Category: Research

Academic research, papers, and breakthroughs in healthcare AI

  • A Hidden Flaw in Radiation Side‑Effect Forecasts: Why “Competing Risks” Could Change ORN Prevention

    A Hidden Flaw in Radiation Side‑Effect Forecasts: Why “Competing Risks” Could Change ORN Prevention

    Radiation oncologists have long faced a frustrating paradox: osteoradionecrosis (ORN) of the jaw is relatively uncommon, but when it happens it can be devastating—pain, infection, fractures, and years of dental and surgical care. Now, new research suggests that some of the tools used to predict ORN risk may be structurally biased if they ignore a reality in head and neck cancer care: many patients die before ORN would ever have time to occur.

    In a study published in the Journal of Medical Systems, researchers report building and validating machine learning–based models that predict individualized ORN risk after curative head and neck radiation therapy (RT) using time-to-event methods that explicitly account for death as a competing risk. They also quantify how much risk can be overestimated when this competing risk is ignored, according to the paper.

    Why ORN prediction is harder than it looks

    ORN is a late complication: it may emerge months to years after RT, shaped by dose to mandibular bone, tumor location, dental extractions, smoking, comorbidities, and other factors. That time lag is exactly what makes prediction tricky in a population with meaningful mortality risk. If a model treats every patient as if they remain “at risk” for ORN indefinitely, it can inflate the estimated probability of ORN—especially in higher-risk cancer subsets where death is more common.

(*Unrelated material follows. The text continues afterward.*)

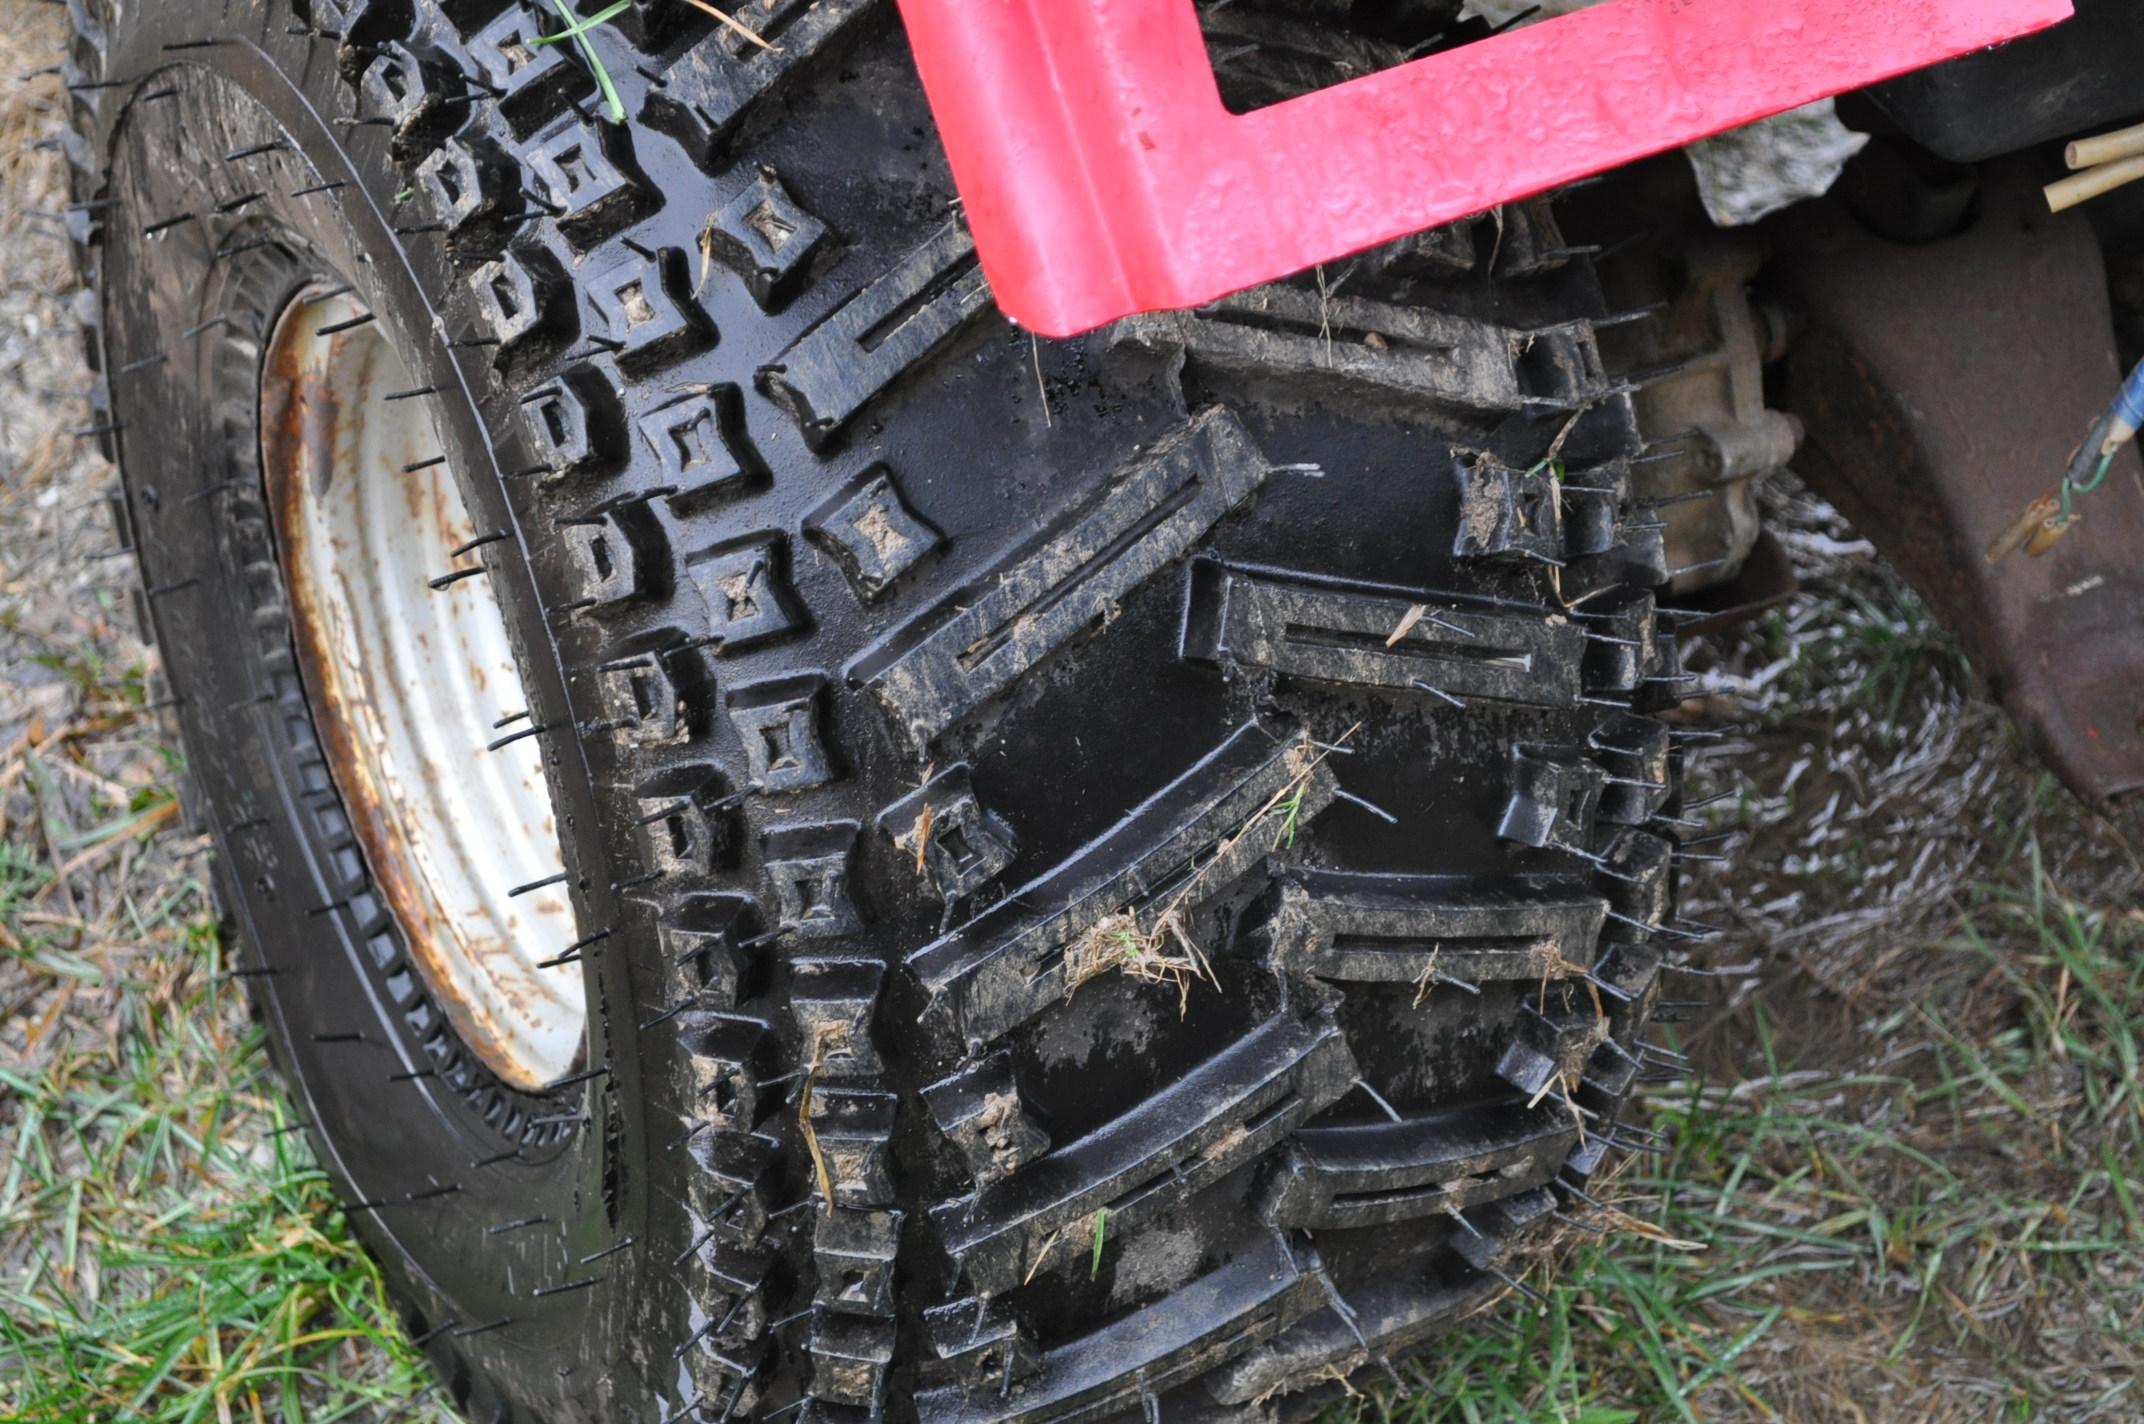 Honda Big Red 3-wheeler, new 25 x 12.00-9 tires - Image 6 of 8

    This is the core statistical issue the study tackles. Traditional approaches that frame ORN as a simple binary outcome (did ORN occur: yes/no) can miss when it occurred and whether a patient’s follow-up ended because they died. Competing-risk modeling is designed for this situation: it estimates the chance of ORN over time while acknowledging that death can preclude the event. The authors’ emphasis on time-to-event data with death as the competing risk is therefore more than a technical tweak; it changes what “risk” actually means in clinical practice.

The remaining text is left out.